EXERCISE →
Excluding pictures, reproduce word for word the lines from the one containing "hight resolution of" through the end of the material below.

DATASET CONTENT →
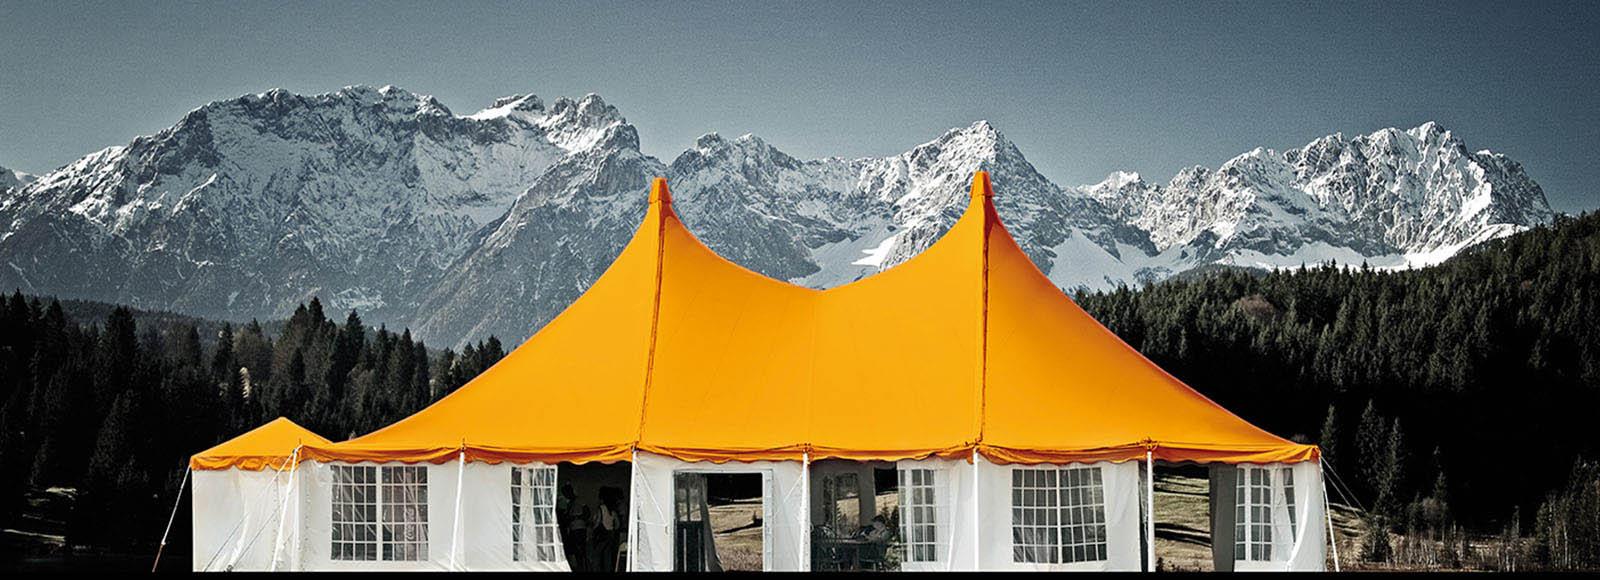 homebanner_heytex_tent
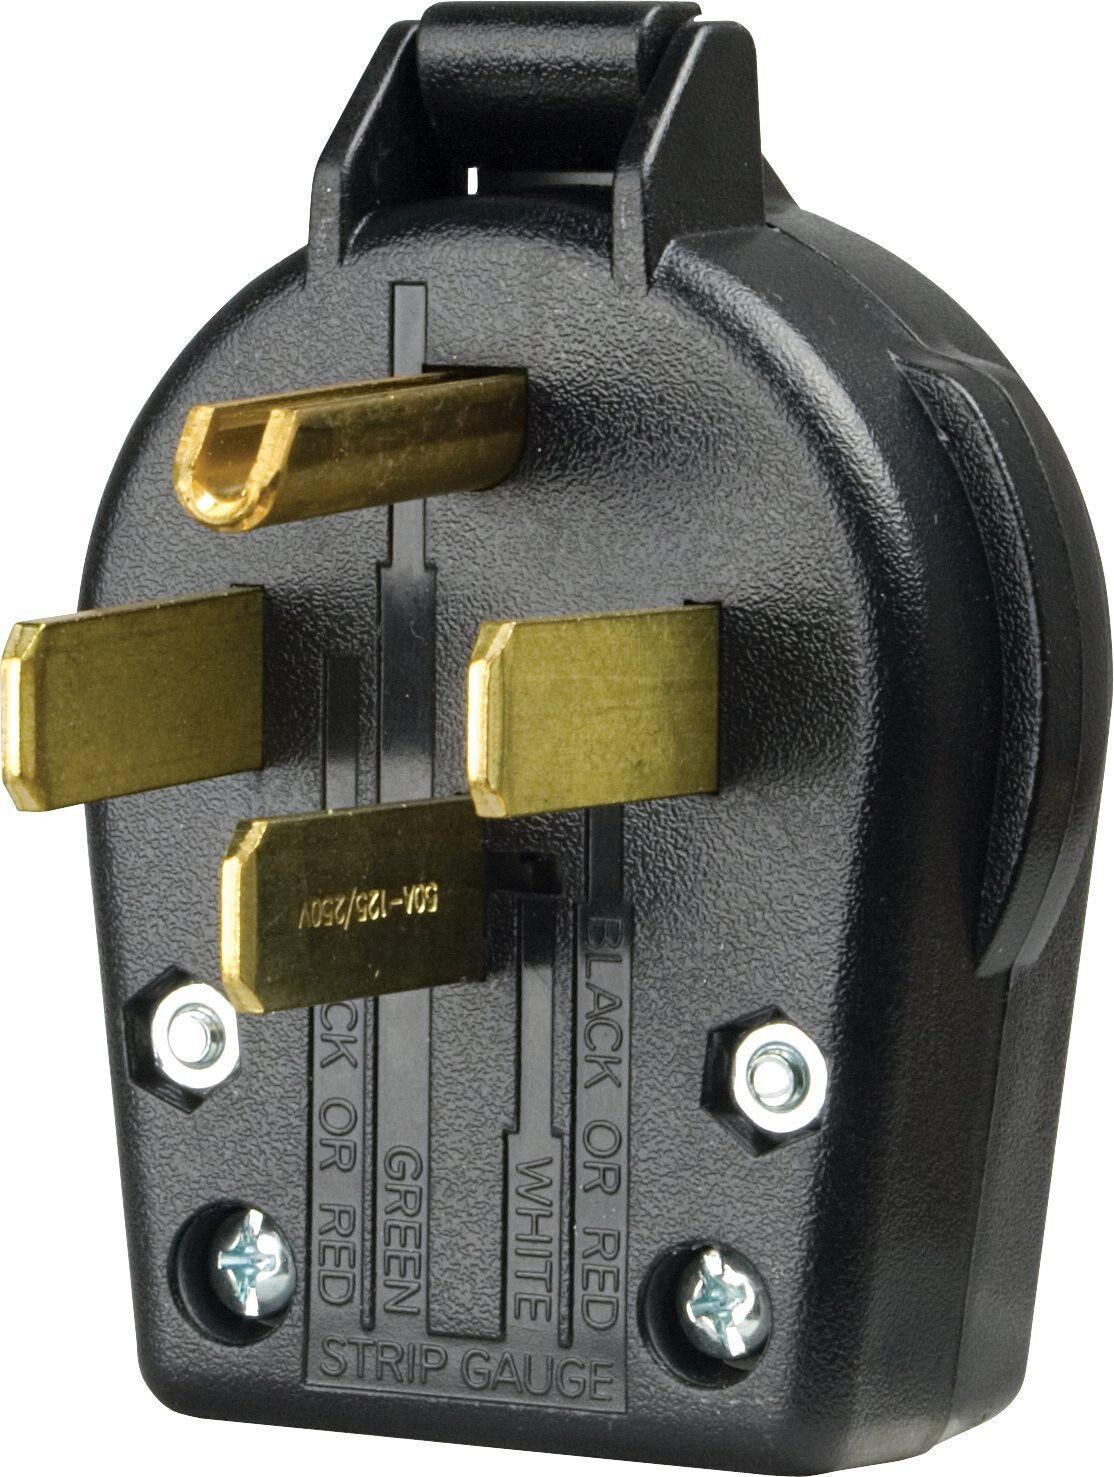 hight resolution of cooper wiring devices s 21 sp l dryer angles plug 30 amp 125 250 volt black for sale online ebay
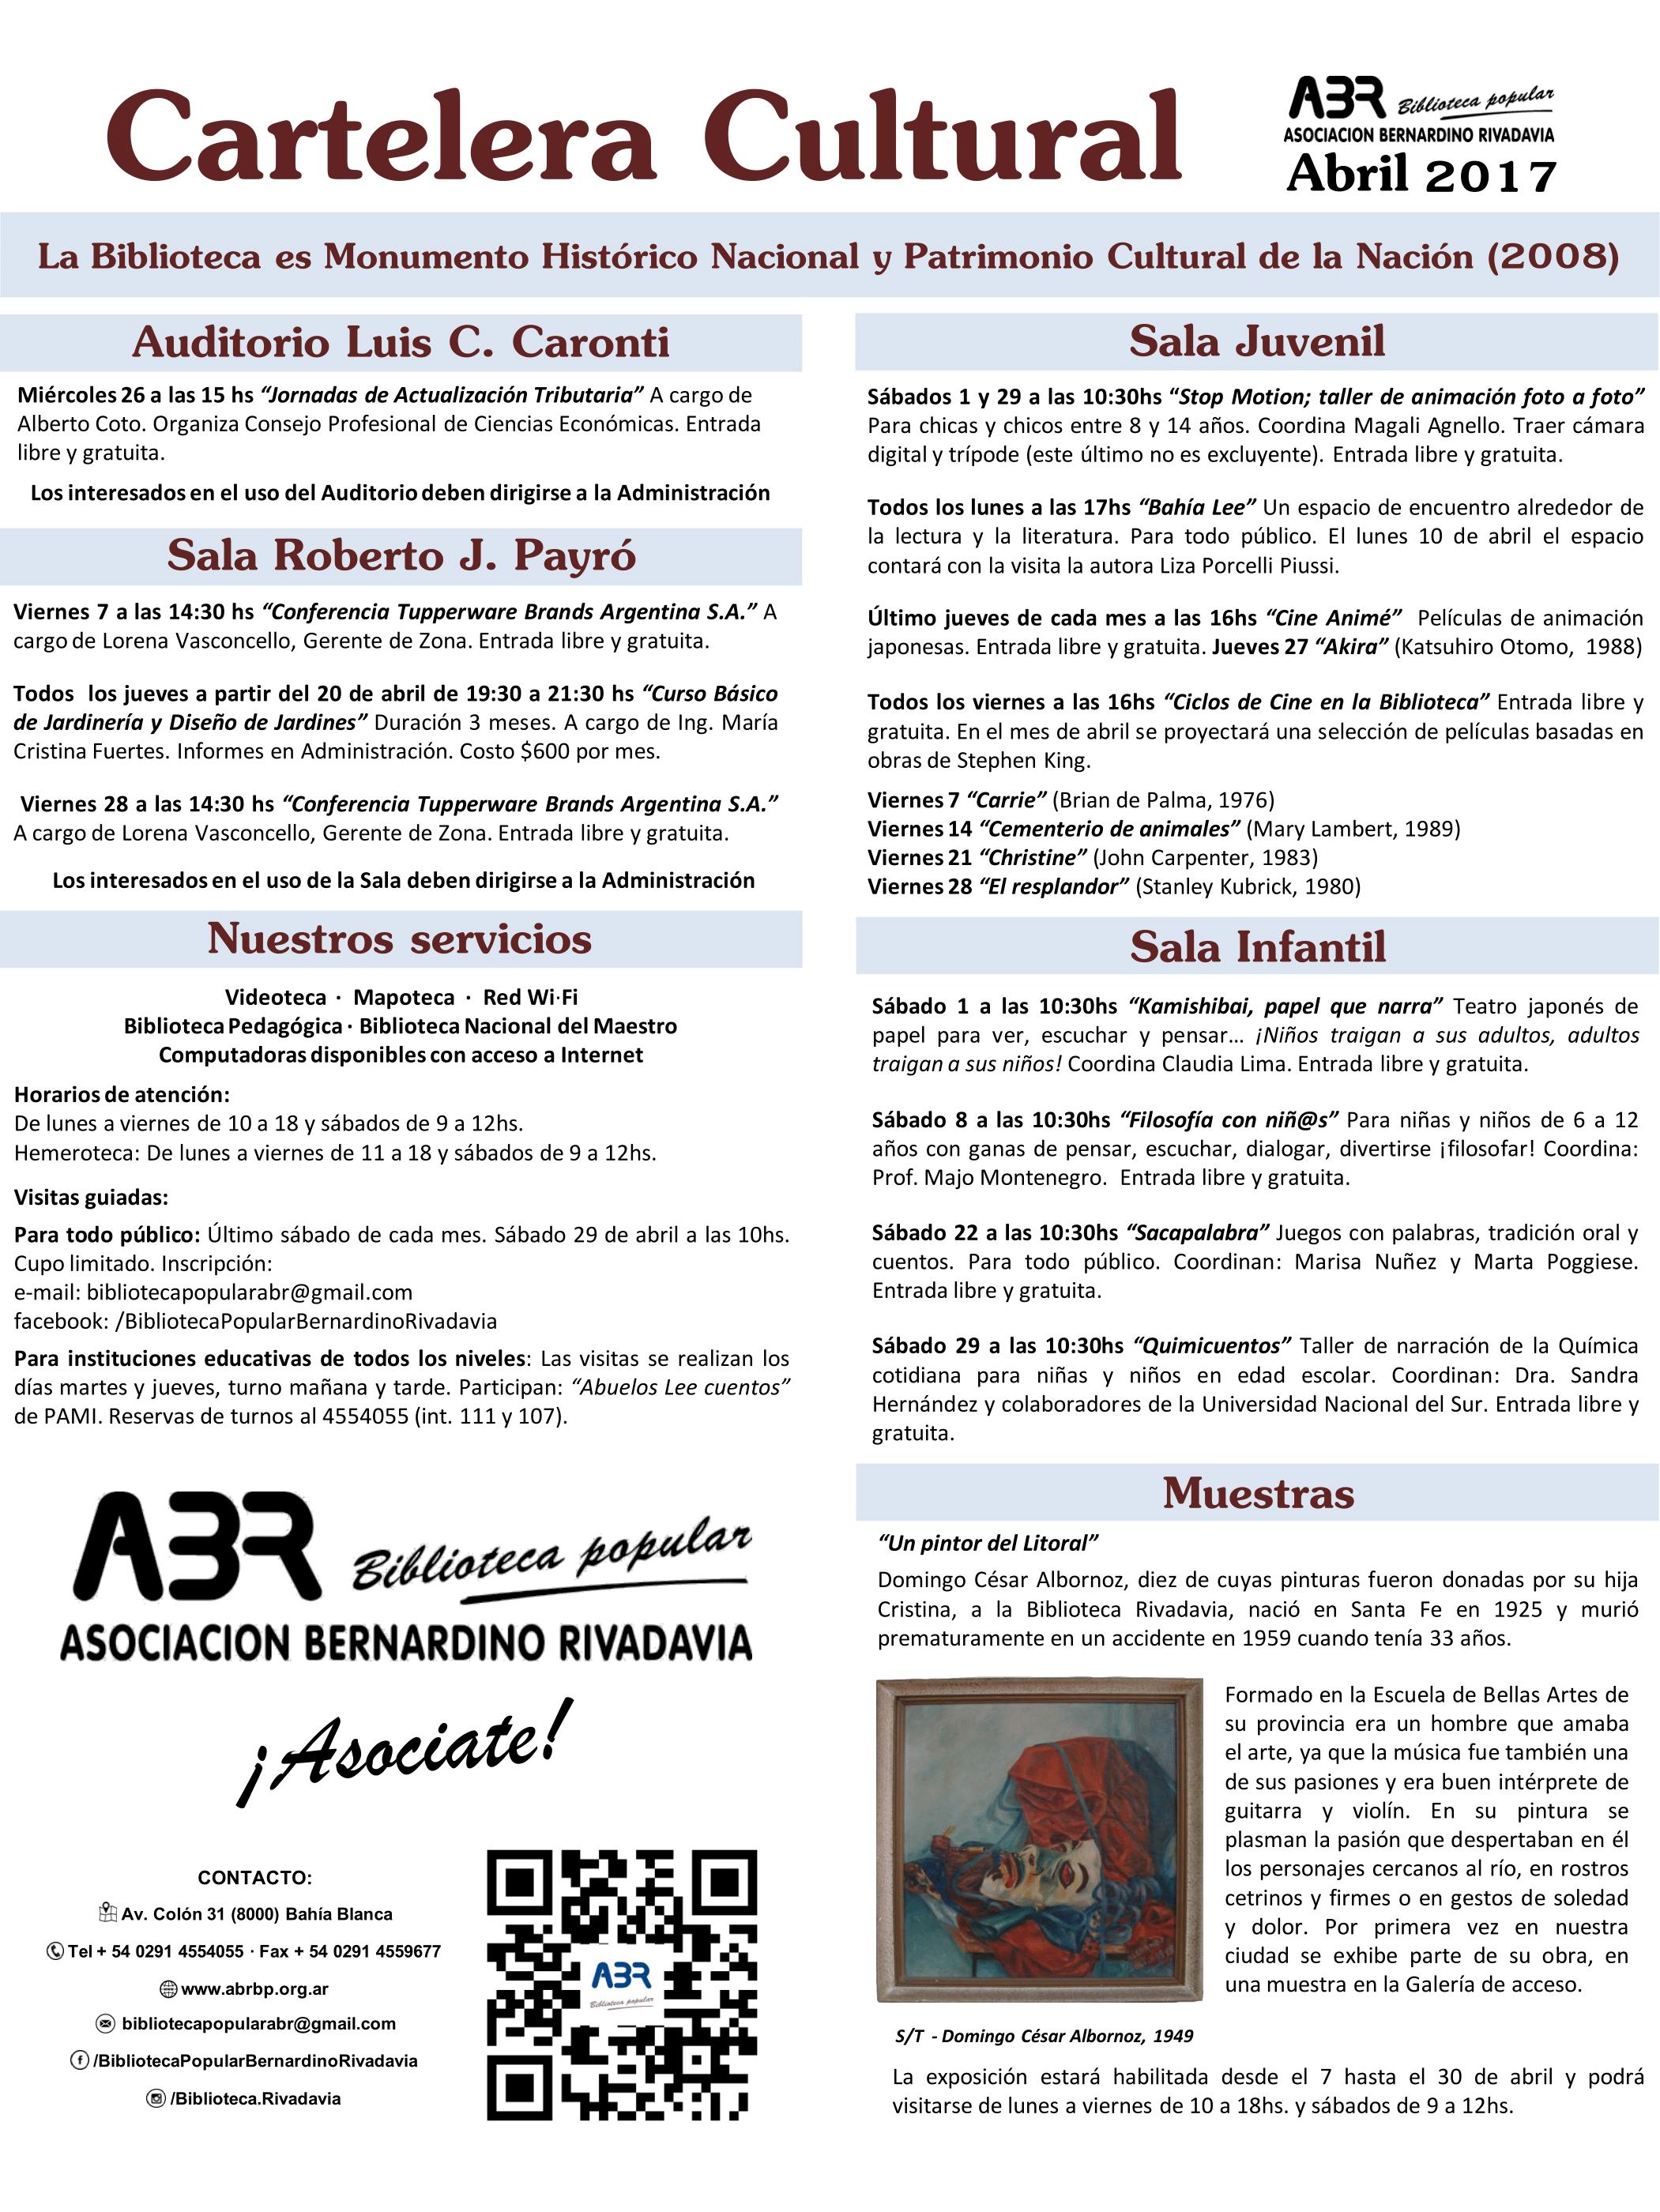 Cartelera-ABR-Abril

SOLUTION TO THIS TASK →
 hight resolution of cooper wiring devices s 21 sp l dryer angles plug 30 amp 125 250 volt black for sale online ebay
 Cartelera-ABR-Abril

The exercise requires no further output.